A total of 12 participants receiving ozanimod HCl 0.5 mg experienced ⩾1 serious TEAE, including acute myocardial infarction, (n = 1; 18 months after first dose in a participant who was 43 years old at randomization and had a medical history of lupus and hypertension) and hepatitis (n = 1; in a participant with a recent history of multiple bee stings and who was negative for viral hepatitis etiologies and anti-nuclear antibodies; Table 2; Supplementary Table 2). Nine participants receiving ozanimod HCl 1 mg reported a serious TEAE, including a case of moderate pancytopenia that resolved without interruption of treatment. No serious TEAE occurred in more than one participant, and none was considered related to ozanimod HCl.
The maximum mean decrease in heart rate from pre-dose baseline of the extension was 0.6 bpm, which was observed at 4 hours post-treatment on the first day of dose escalation at entry into the blinded extension in the placebo → ozanimod HCl 0.5 mg group; in participants continuing ozanimod HCl, mean heart rate did not decrease relative to baseline.

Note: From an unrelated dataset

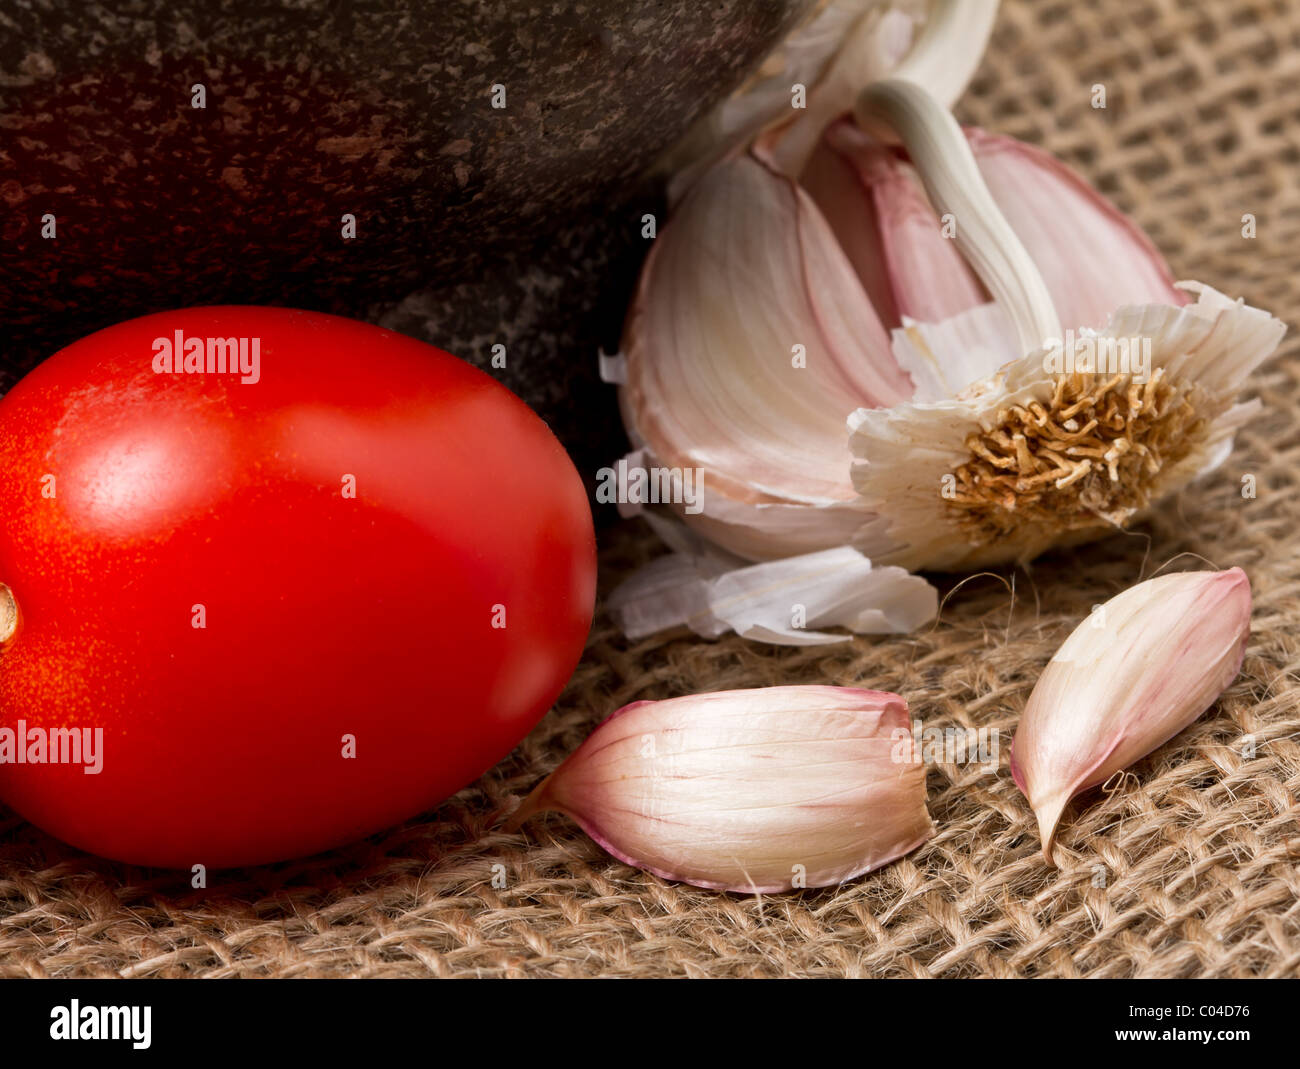 Einfach lebendige grundlegenden Zutaten der italienischen Küche, Knoblauch und Tomaten. Stockfoto
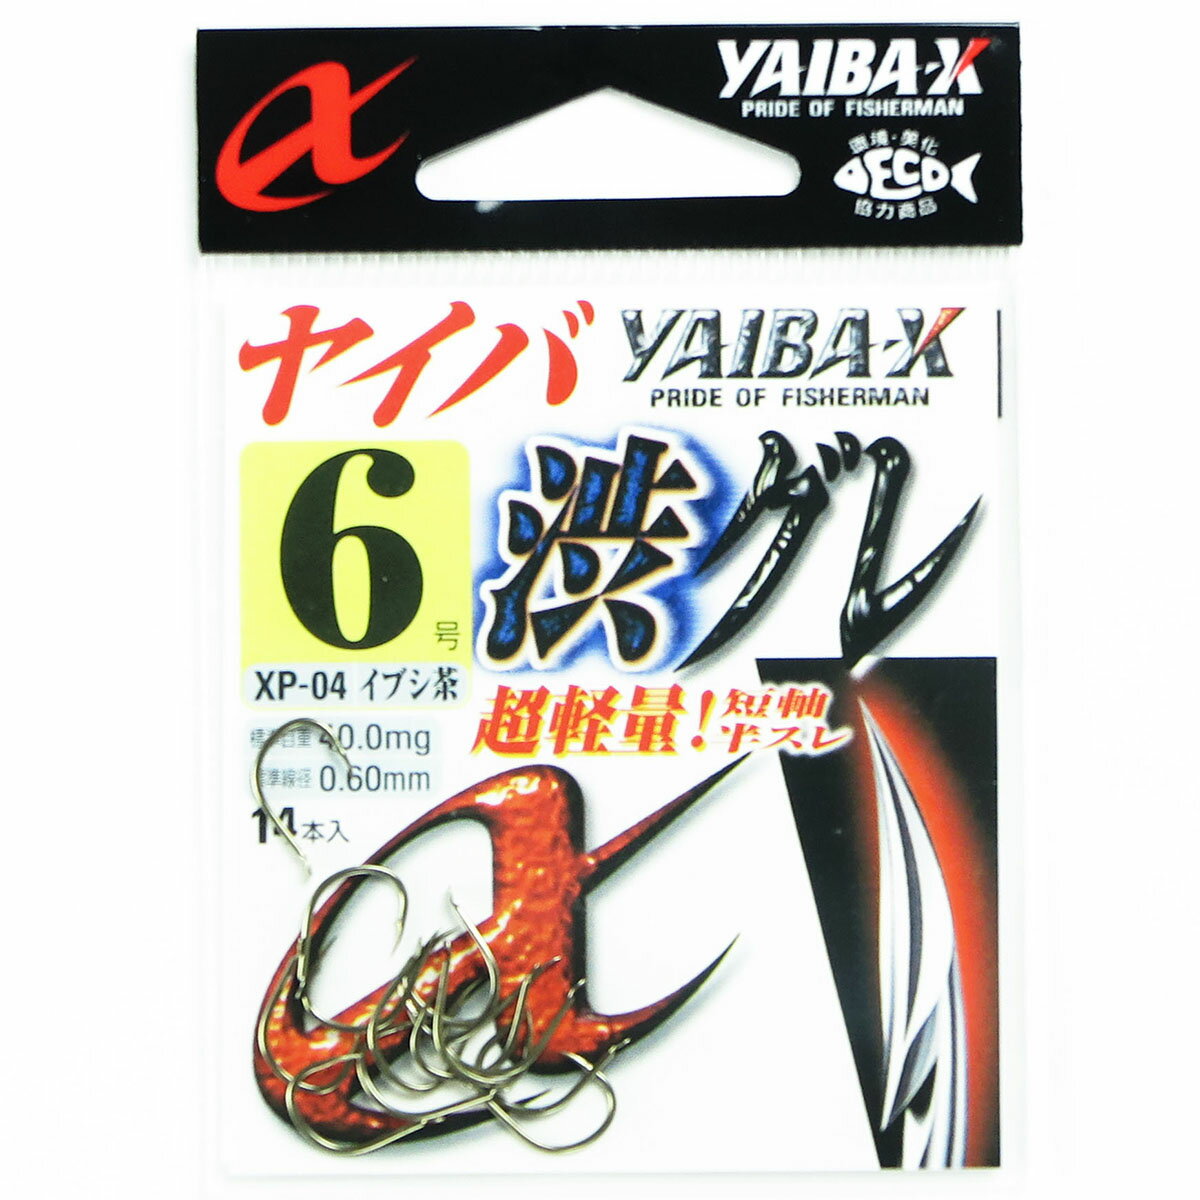 「 ささめ針 SASAME XP-04 ヤイバ渋グレ 6号 茶 」  釣り 釣り具 釣具 釣り用品

One participant, randomized to placebo → ozanimod HCl 1 mg, experienced a decline in heart rate per vital sign measurement to below 45 bpm (specifically, 44 bpm), which was asymptomatic; this participant had a baseline pre-dose heart rate of 55 bpm. No participant who switched from placebo to ozanimod HCl had a decrease in heart rate of >20 bpm from pre-dose baseline during hours 1‒6 on the first day of the blinded extension. There were no reports of second-degree or higher atrioventricular block.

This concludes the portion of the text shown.